A los agricultores no nos sorprende en absoluto; era más que previsible, al menos desde la perspectiva normativa y legal. Eran días de riesgo extremo de propagación de incendios, en los cuales toda maquinaria agrícola tiene terminantemente prohibido trabajar, mientras veíamos cómo por autovías, carreteras o caminos circulaban todo tipo de vehículos, se practicaban actividades de ocio en el campo o se realizaban pruebas deportivas. Desde una visión lógica, si el campesino tiene prohibida toda actividad, deberían cesar las del resto de ciudadanos.

Se nos ha tomado a nosotros, el sector agropecuario, como emblema de la lucha contra incendios, haciendo ver que prohibirnos realizar nuestras tareas es muestra de la enorme preocupación por el medio ambiente y la lucha contra el fuego de las administraciones públicas. Nada más falso ni alejado de la realidad. Las estadísticas muestran que la superficie quemada por causas agrícolas es mínima, y la realidad demuestra que las gentes del campo son las primeras en acudir a perimetrar, sofocar y extinguir el fuego.

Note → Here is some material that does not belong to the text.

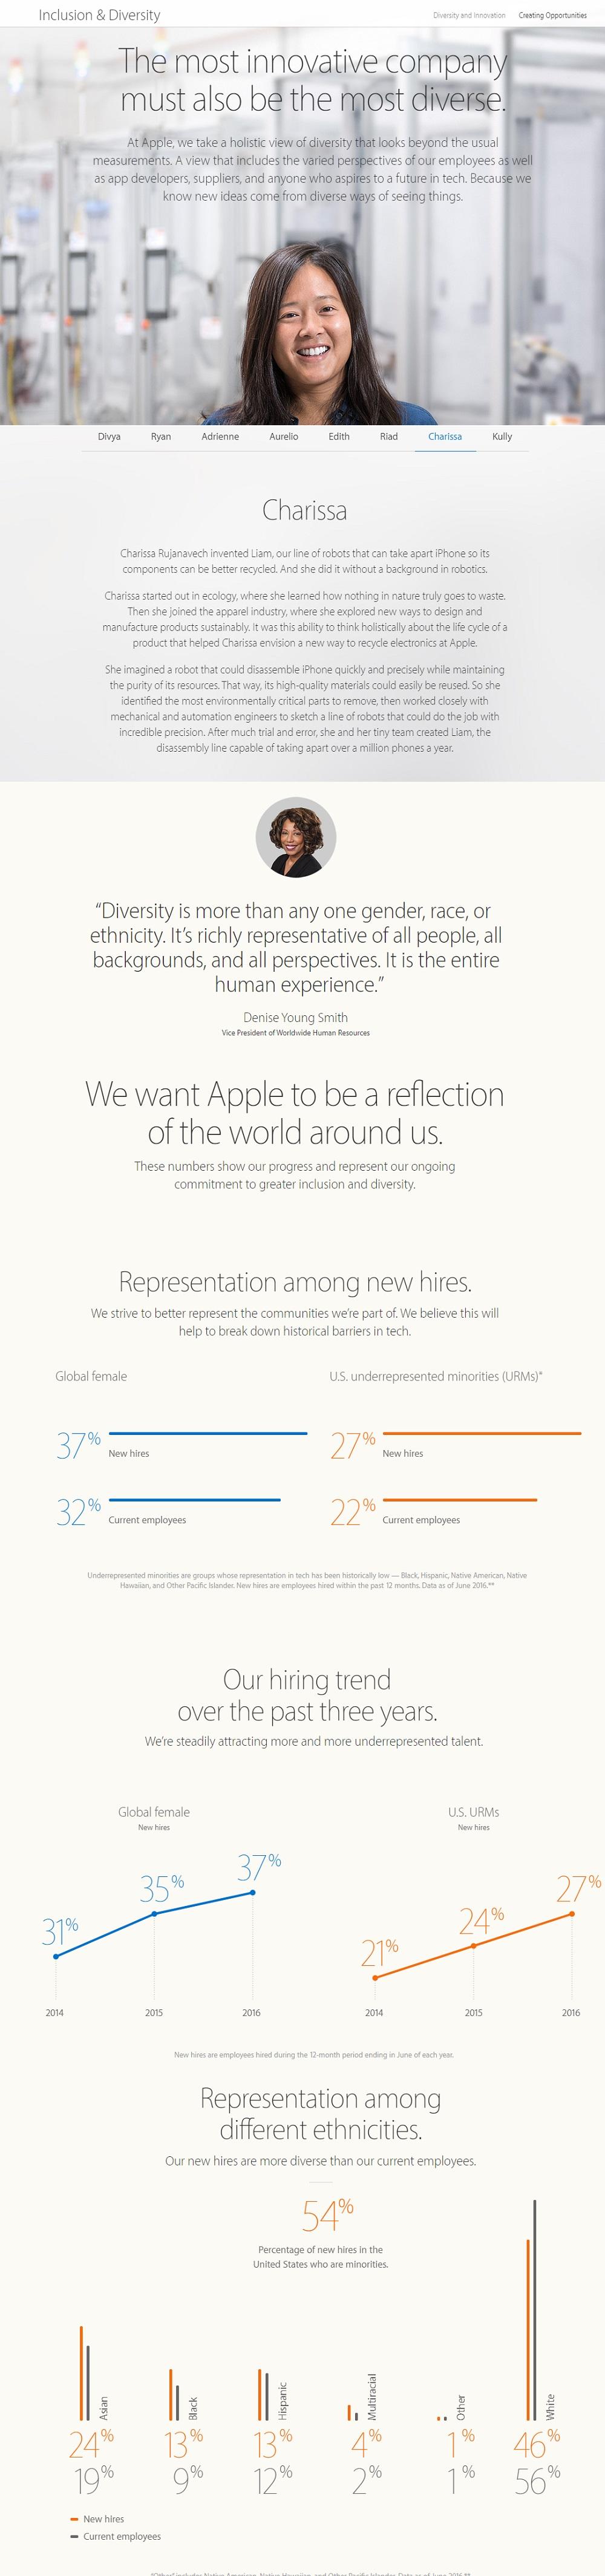 Apple Company Diversity Page

También hemos sido testigos de que, cuando peligran áreas urbanizadas, todos los esfuerzos y recursos se vuelcan en salvarlas. Algo totalmente lógico y natural: primero, salvar vidas y viviendas. Esta forma de actuar solo tiene un pero: GEACAM, la empresa que en Castilla-La Mancha se dedica a la extinción de incendios, no se financia del presupuesto general de la Junta, sino de dinero del Programa de Desarrollo Rural, caudales europeos destinados al sector agropecuario.

Hasta ahora, aun siendo todo muy raro, podríamos darlo por bueno. Ya no tanto cuando los bomberos urbanos (Diputaciones, por ejemplo) se han negado a colaborar en la extinción del incendio, aun estando presentes, por restricciones de su protocolo. Vamos, que los del campo somos buenos para ayudar y poner dinero, pero no para recibir ayuda.

Como consecuencia de lo anterior, Unión de Castilla-La Mancha pide:

  • Que las limitaciones derivadas de los índices de propagación de incendios se apliquen a todos los sectores por igual. Si a unos se les prohíbe trabajar, que se prohíba toda actividad desarrollada fuera del casco urbano. Potencialmente, todos pueden provocar incendios, pero, como ya vimos más arriba, la agricultura es la que menos, a pesar de ocupar todo el territorio rural y de que su actividad se desarrolla exclusivamente en él.
  • Que se deje de meter mano al cajón. GEACAM debe financiarse con los presupuestos generales, no con los del sector agrario. Si realiza un servicio en beneficio de todos, todos debemos pagarlo, no solo unos pocos. Nadie en sus cabales pretendería que los agricultores pagaran de su bolsillo la sanidad o la educación para toda la población.
  • Un cambio en el protocolo de los bomberos urbanos. Si un coche ya está calcinado, mejor ponerse a apagar el pasto y evitar que el foco se extienda. Hay que atender lo perentorio y dejar lo insalvable.